2.3    Genetic distance ("GD").  This is the simplest measure. Genetic Distances are expressed in terms of the differences between each marker, in terms of the number of markers compared, e.g. ‘0/12’ or ‘1/37’.  There are various models for calculating genetic distance. FTDNA now calculate Genetic Distance as the sum of the differences of individual marker counts, e.g. a distance of 3 may include three 1-step mismatches, or one 2-step mismatch plus one 1-step mismatch.
NB1  Different rules apply for multi-copy marker such as DYS 385, 389, 464 and YCA: see ;
NB2  FTDNA's Y-DNA "Matches" pages assume  a "Match" when men have STRs with a GD of 4/37 or less (or 1/2 or 2/25 or 6./7 or 10/111 or less).   See section 2.8 below.   

2.4     Time since Most Recent Common Ancestor (TMRCA).  Tables and graphs may be used to convert Genetic Distance into the number of generations since two participants shared a common ancestor.  While this measure is expressed in years it is readily comprehensible, and is a powerful tool for deep ancestry studies, alas the margins of error are so great that it is a most unreliable tool when used within the surname era.  And like the number of matching markers and Genetic Distance, TMRCA dates are also unreliable because they assume some single average mutation rate for all markers, while in practice the average mutation rates for individual markers vary enormously. 

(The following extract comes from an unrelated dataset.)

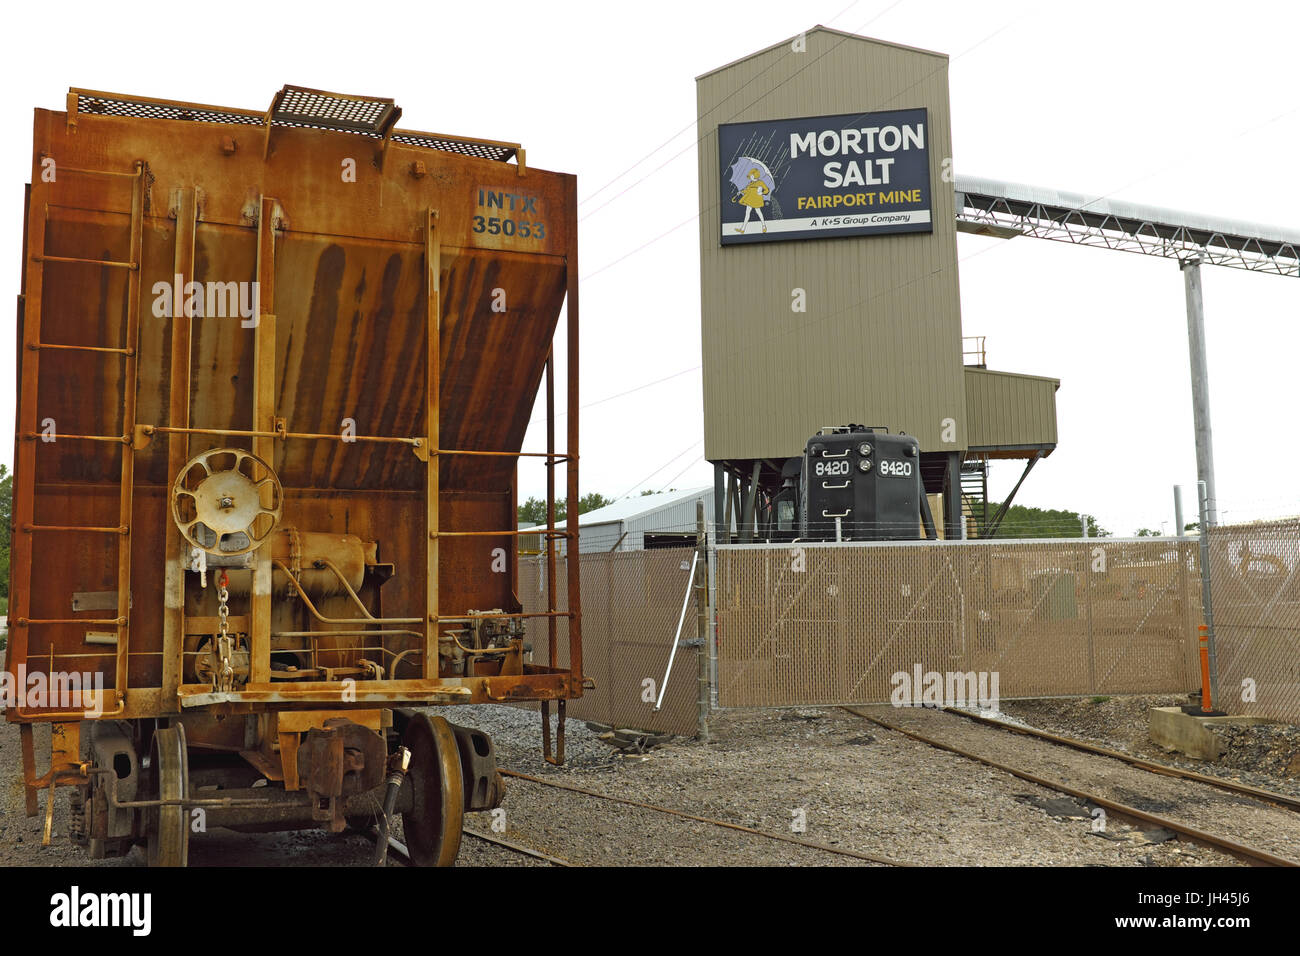 The Morton Salt Fairport Harbor Mine located outside Cleveland, Ohio, is a primary producer of salt which gathers the resource from below Lake Erie. Stock Photo
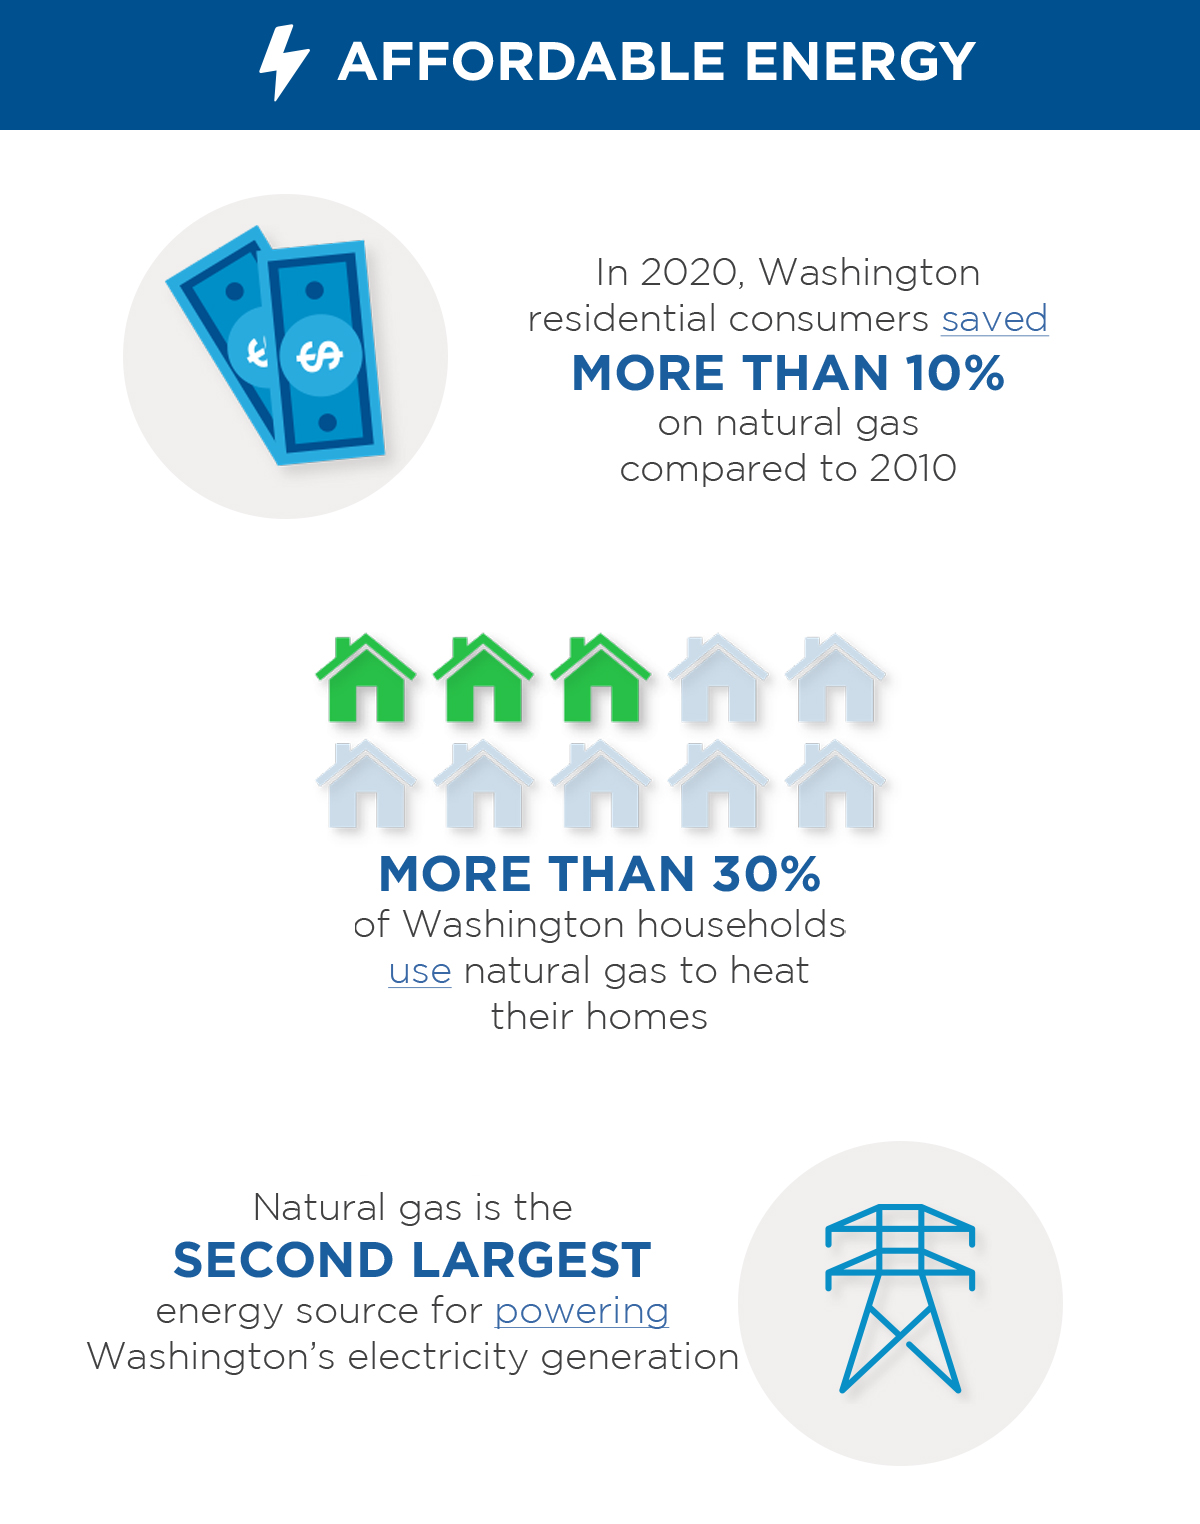 The benefits of natural gas for Washington

TMRCA's may also be calculated from SNPs (see below).  Average SNP mutation rates are more reliable than average STR mutation rates - for BigY tests the average mutation rate is once per 83 years, or about one SNP mutation every three generations.  But the SNP mutation rate for a particular individual may be far from the average:  our Study has one individual who has had just two mutations since c.1350 - an average rate of one SNP mutation per 10 generations, and another individual who has had 17 SNPs during this period, and average mutation rate of one SNP per generation. 
2.5         FTDNA’s ‘TiP’ probability. These are a tool that encompass a large number of variables in a single probability figure.  Unlike Matches, GDs and TMRCAs they take account of differing average mutation rates of individual markers, and respond to "resolution" (i.e. the number of makers analysed): as the resolutions is increased from 12 to 37 to 67, so the TiP probabilities of common ancestry of two participants tend to polarise towards 0% or 100%. But there are many exceptions to this generalization, and 12-marker TiP %s are particularly unreliable. The number of generations since a possible MRCA is also important. For most people with the same or similar surnames this is typically a maximum of 24 generations. Coincidentally this is the number of generations since the Irwin traditions of the time of Robert the Bruce. TiP probabilities reduce if genealogical research has shown the common ancestor must have been more than, say, 8 generations ago.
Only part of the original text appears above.